• Raw data
..........

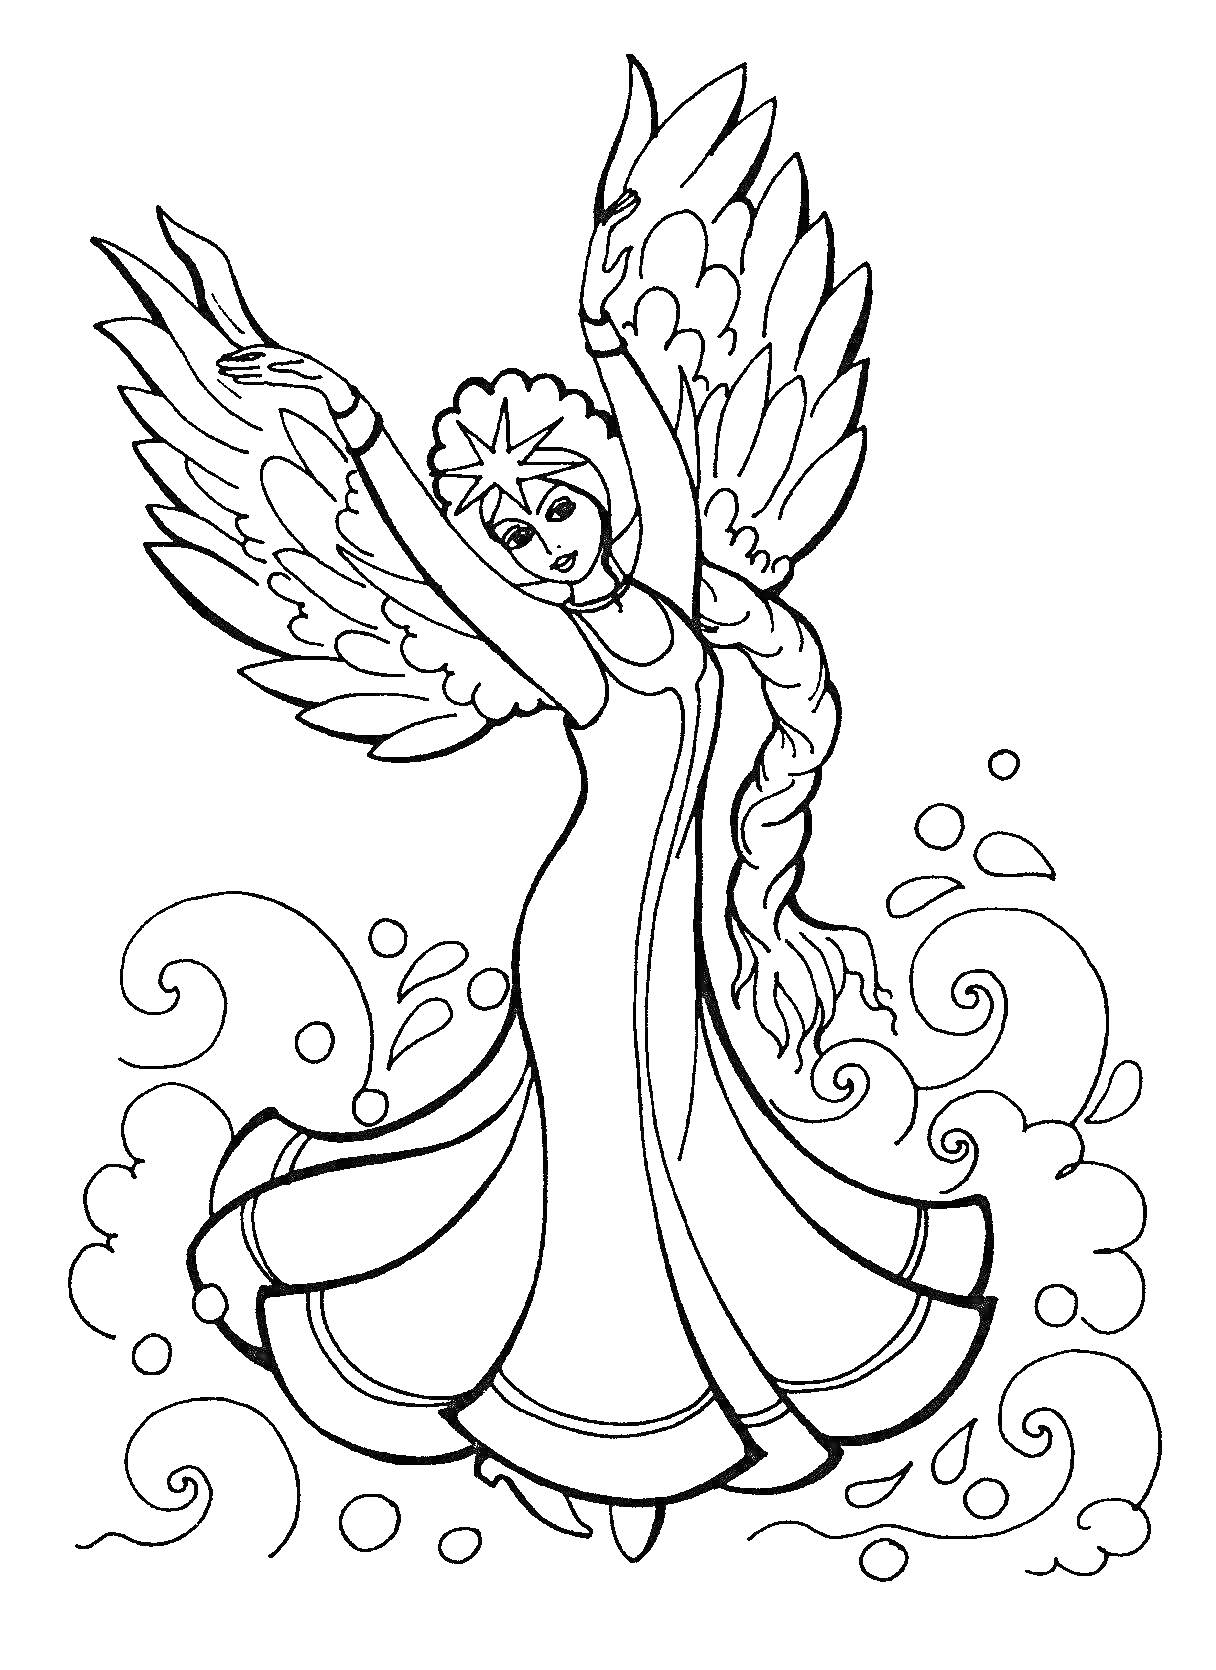 Раскраска Принцесса с крыльями в танце, волны и завитки
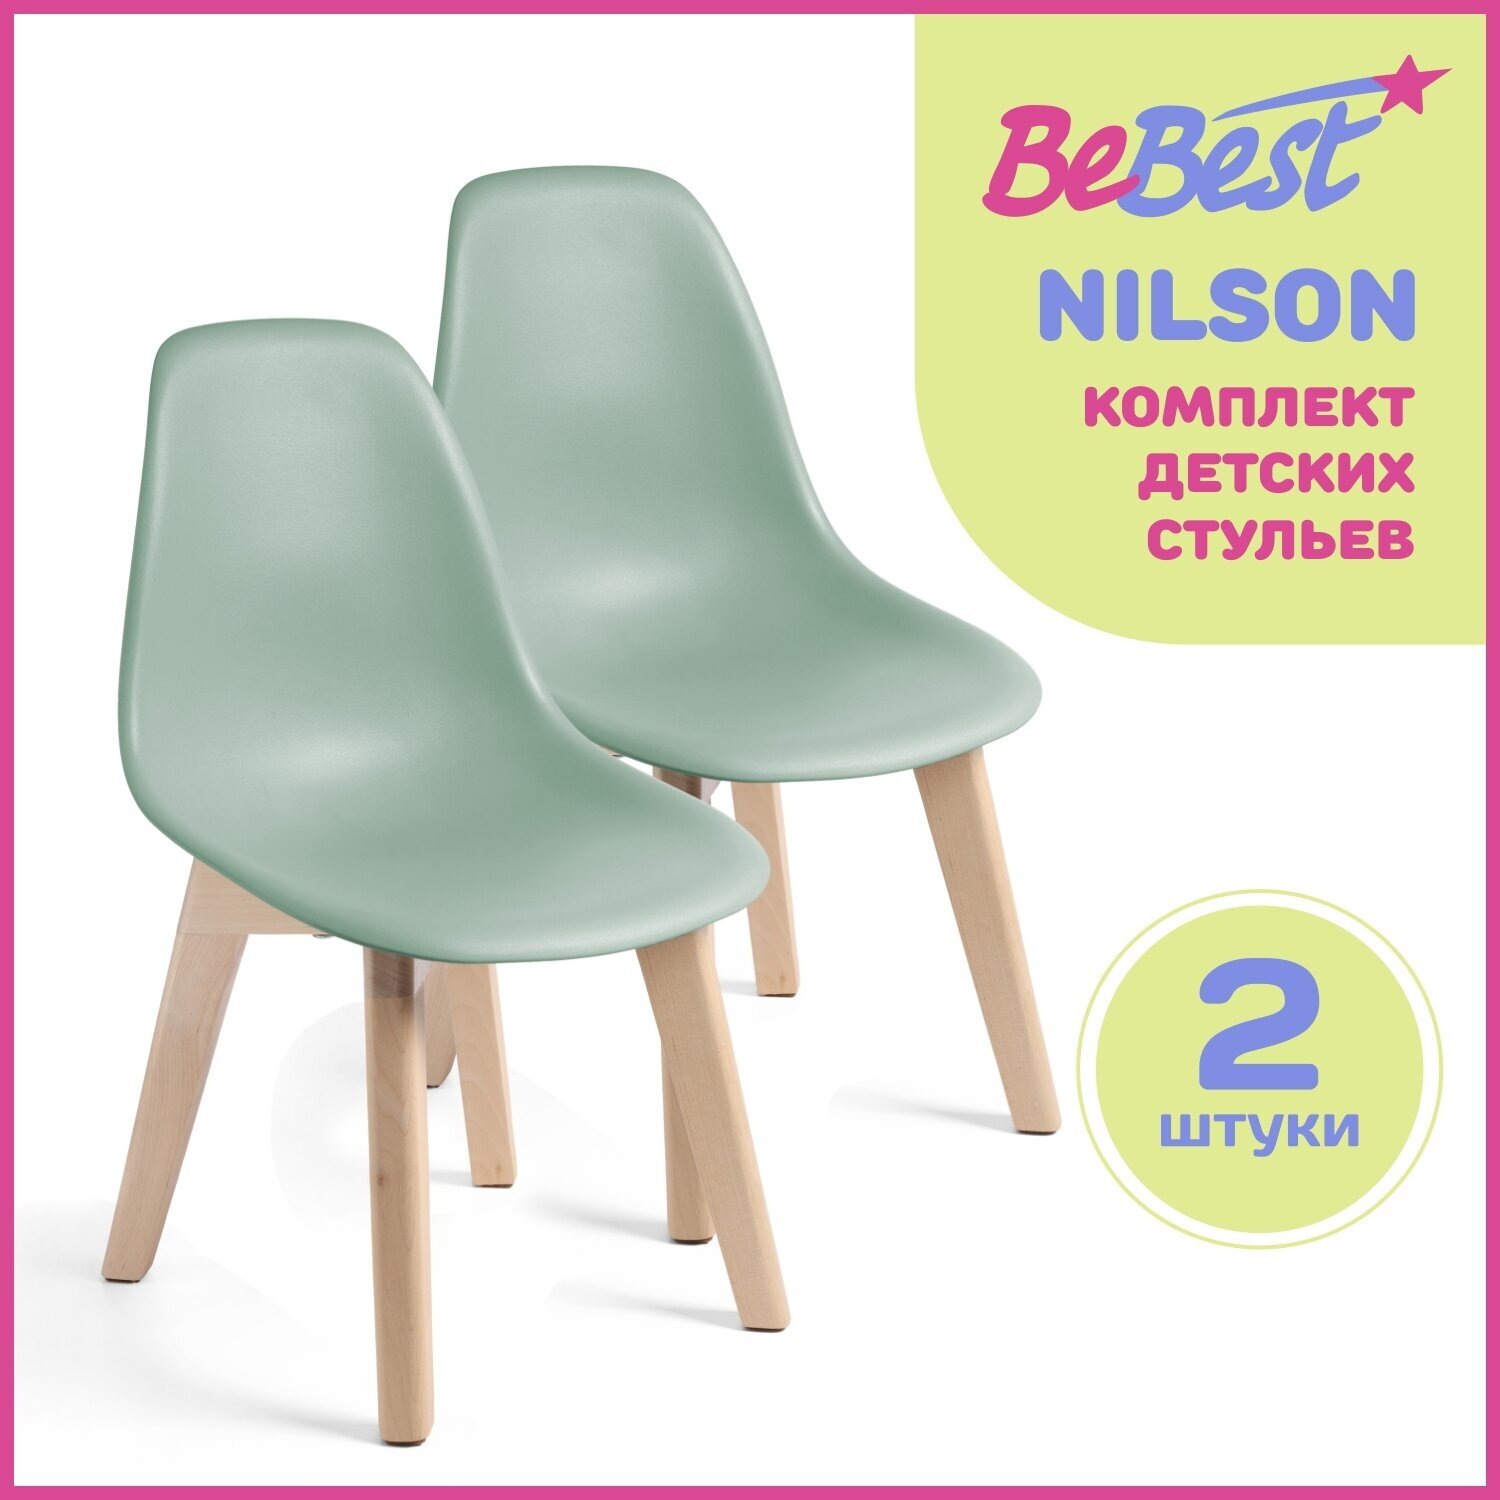 Набор детских стульев, BeBest стульчик со спинкой «Nilson», зеленый - фотография № 1
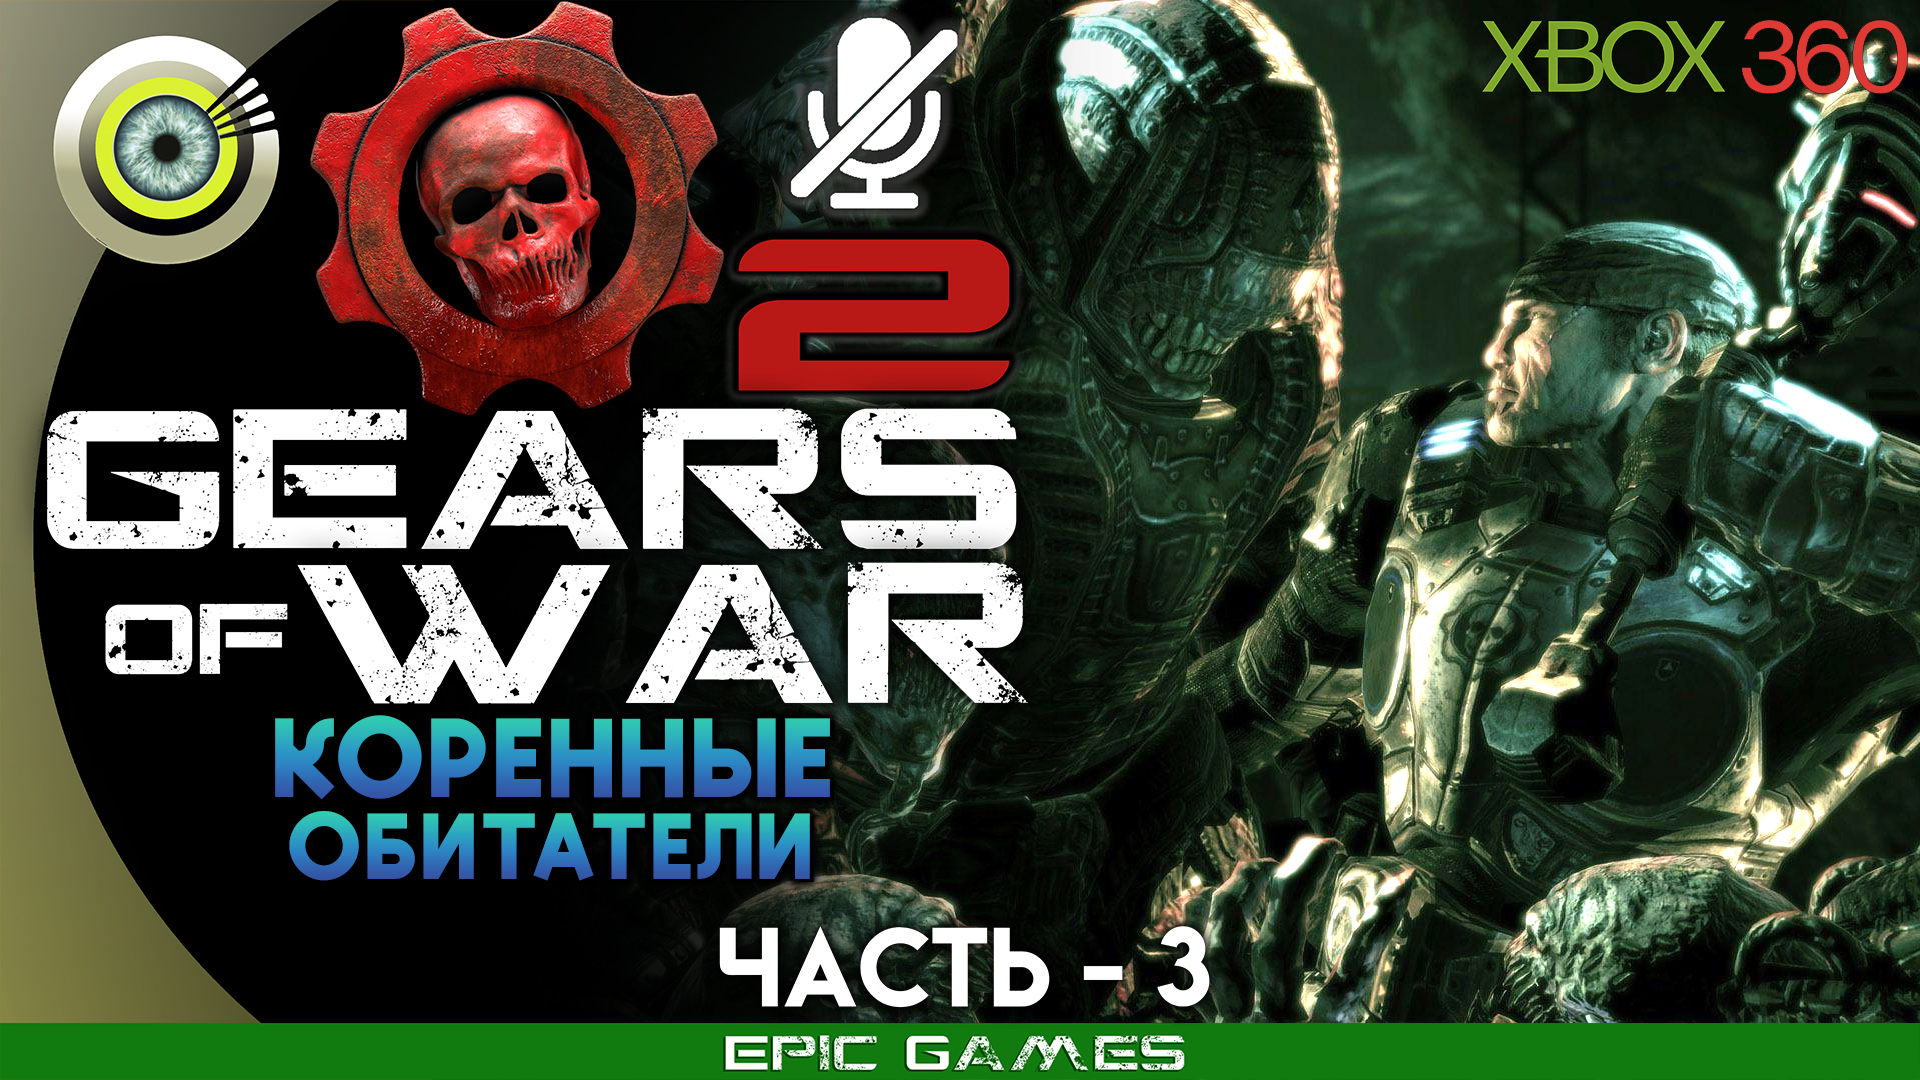 «Коренные обитатели» | 100% Прохождение Gears of War 2 (Xbox 360) Без комментариев — Часть 3
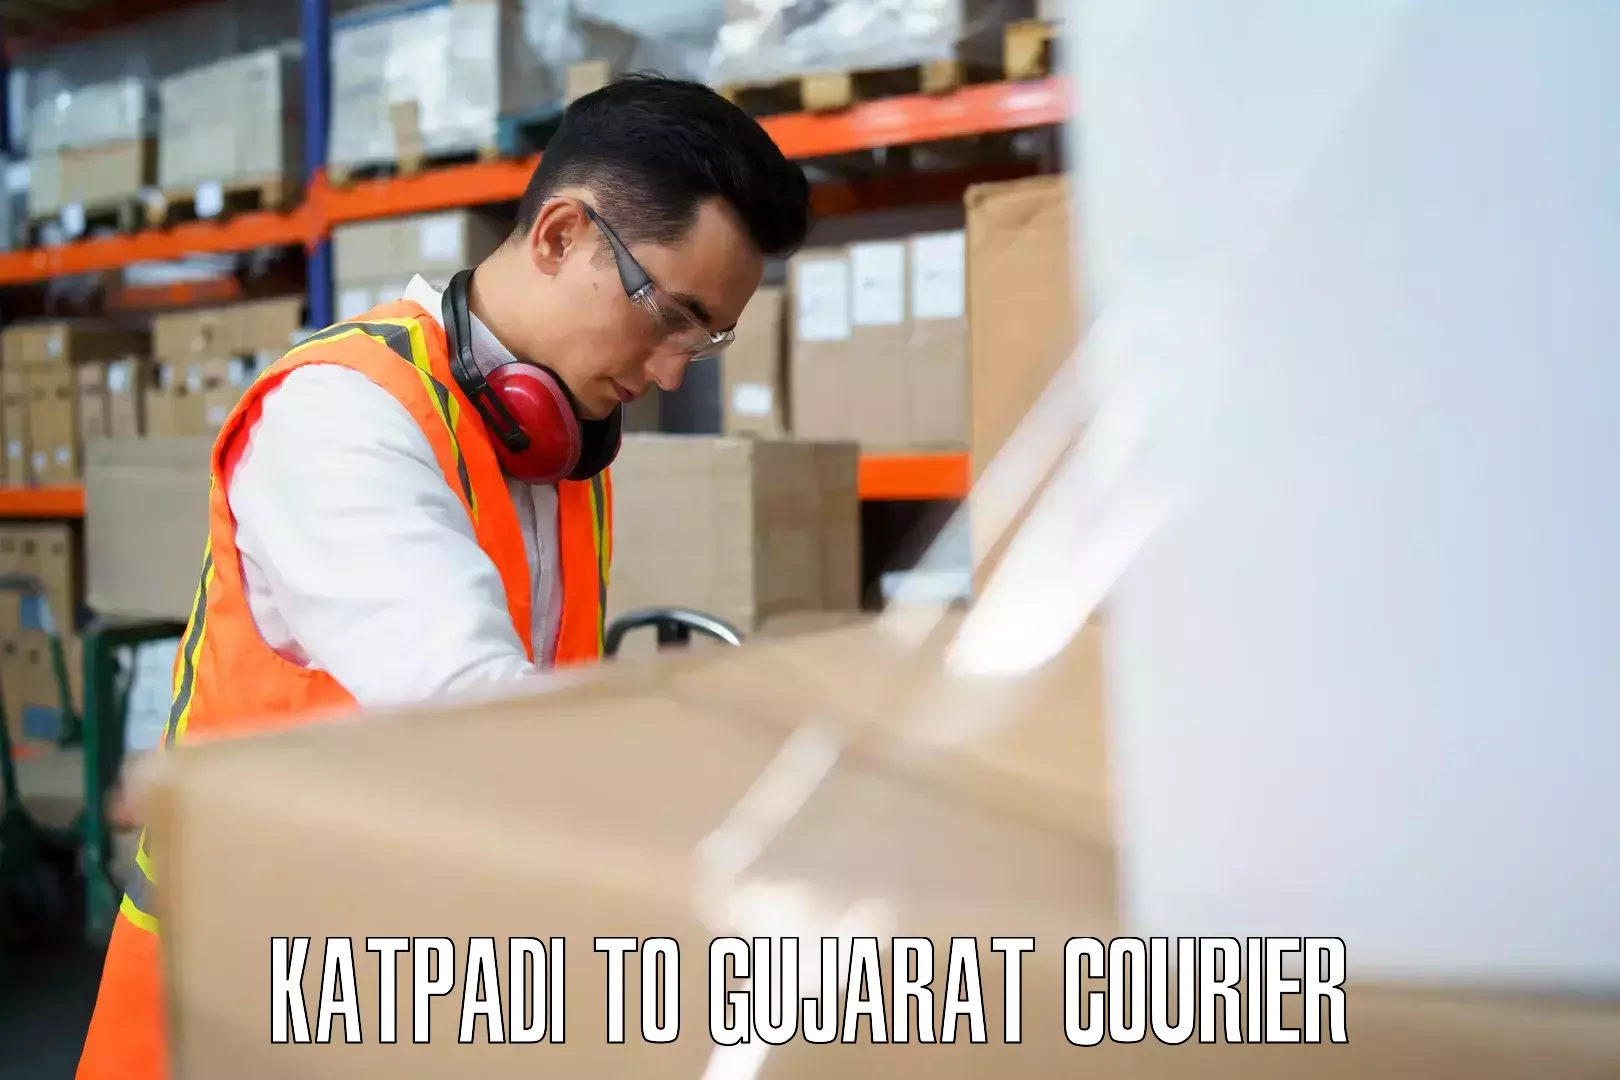 Baggage shipping calculator in Katpadi to Matar

..........

Your task is to quote exactly the lines from the one with "комментариев — Часть 3" through the end of the material, both included, without reproducing any pictures.

• Response to the exercise
 «Коренные обитатели» | 100% Прохождение Gears of War 2 (Xbox 360) Без комментариев — Часть 3
 Baggage shipping calculator in Katpadi to Matar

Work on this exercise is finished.